### The problem:
Each line below is to be repeated exactly; any picture is to be left out.

### Dataset excerpt:
····················
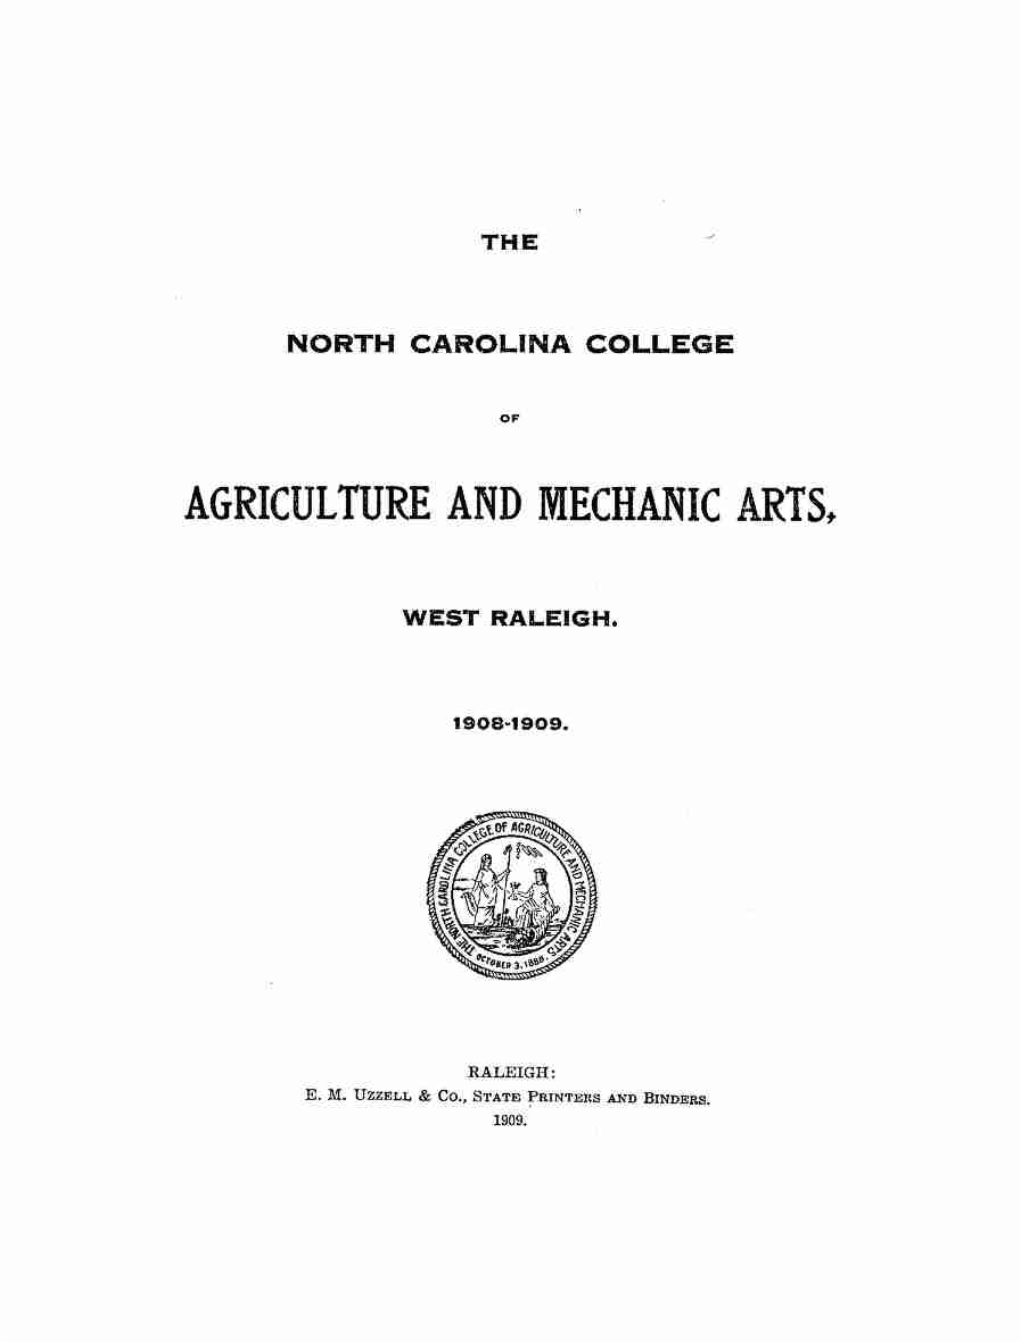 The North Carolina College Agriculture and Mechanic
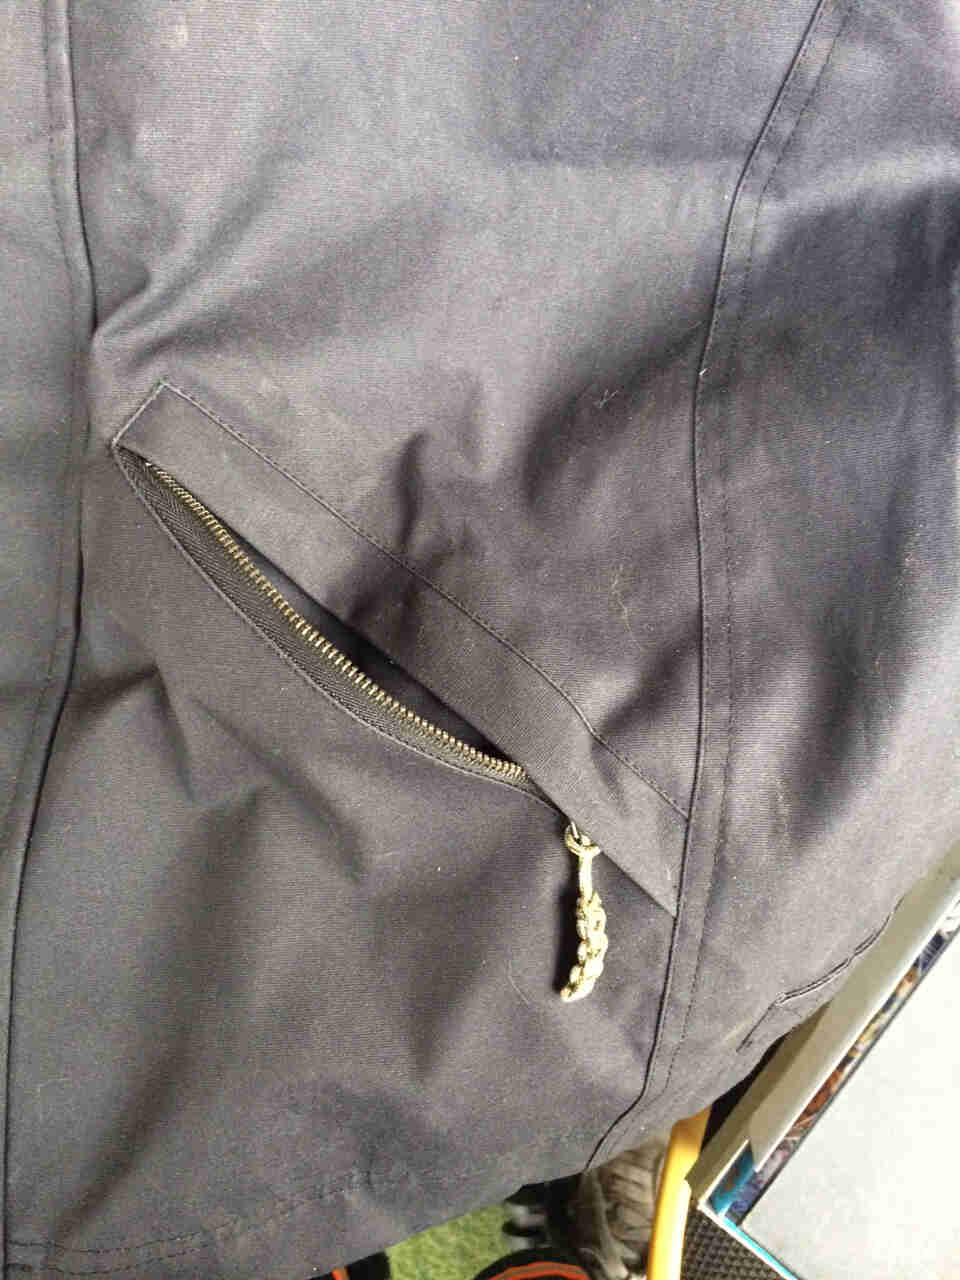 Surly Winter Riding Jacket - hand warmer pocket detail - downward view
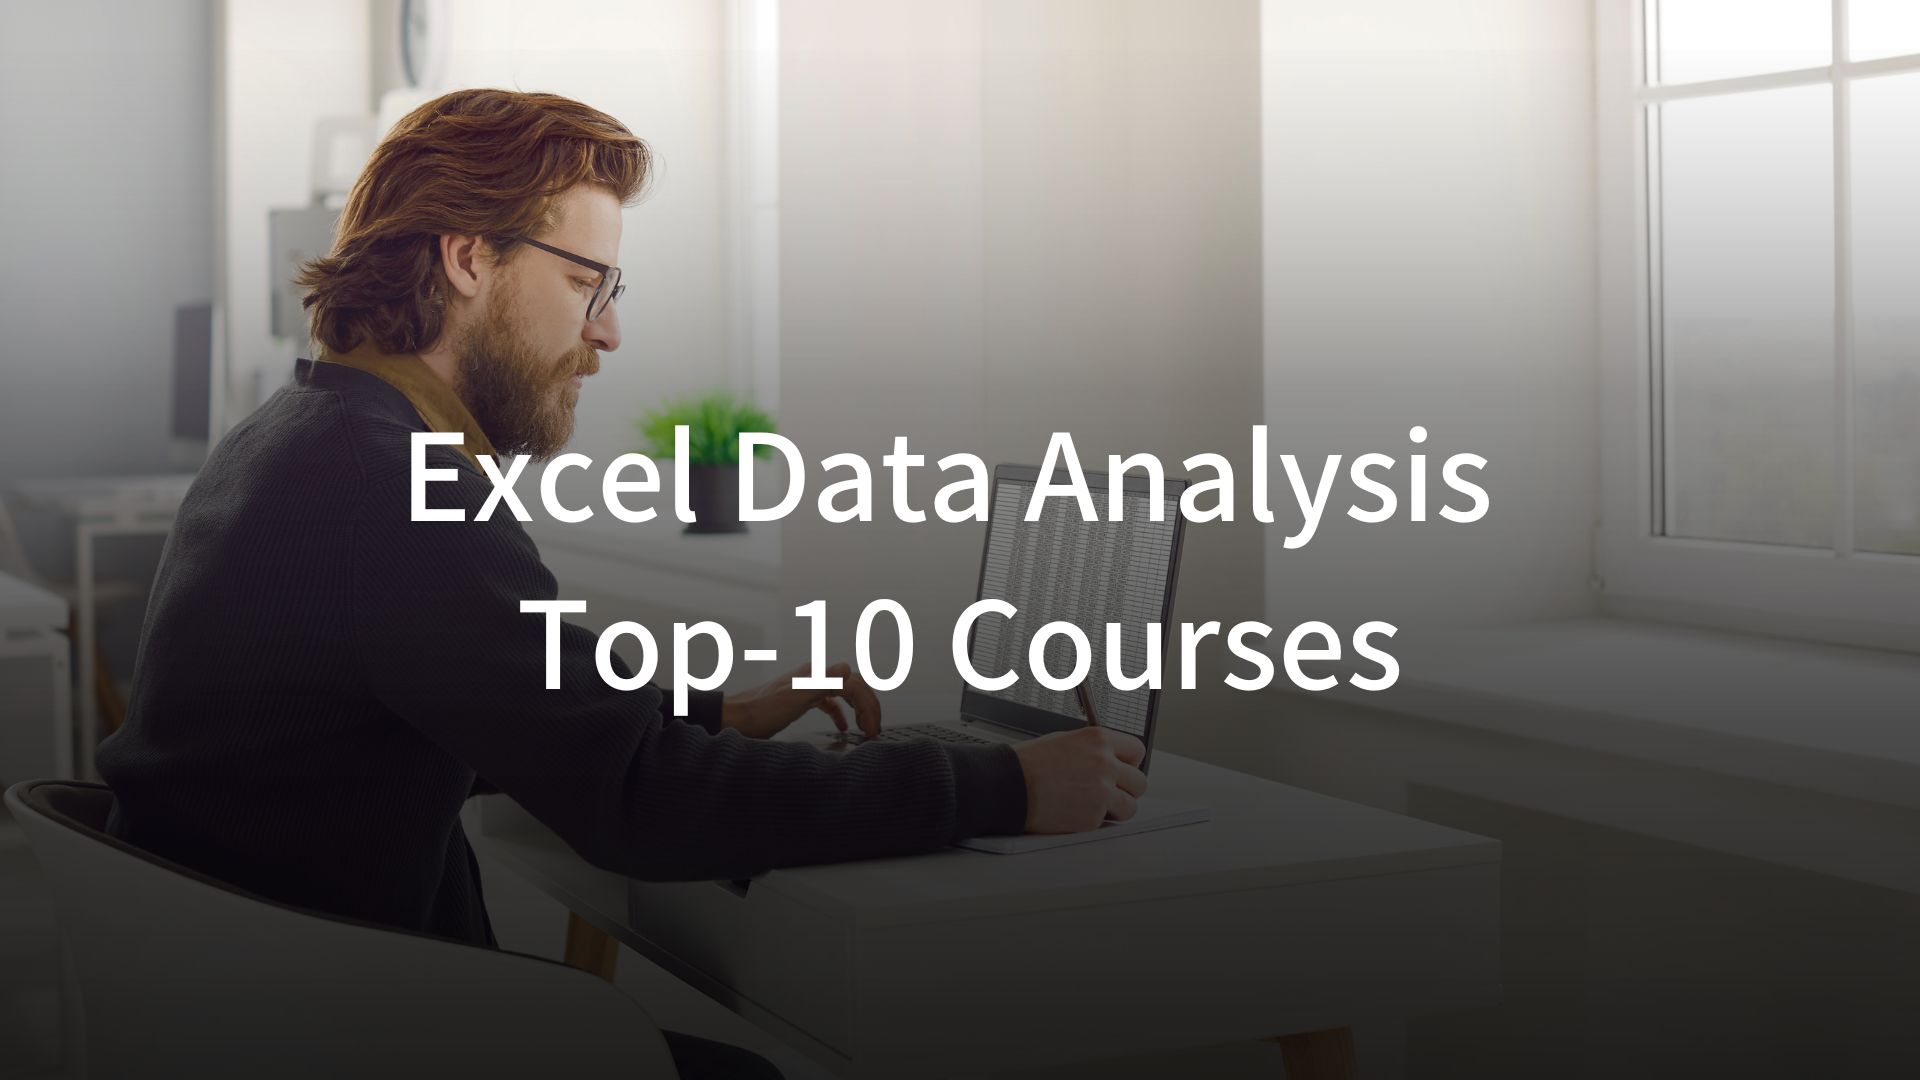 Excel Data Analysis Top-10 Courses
····················
### Response to the task:
 The North Carolina College Agriculture and Mechanic
 Surly Winter Riding Jacket - hand warmer pocket detail - downward view
 Excel Data Analysis Top-10 Courses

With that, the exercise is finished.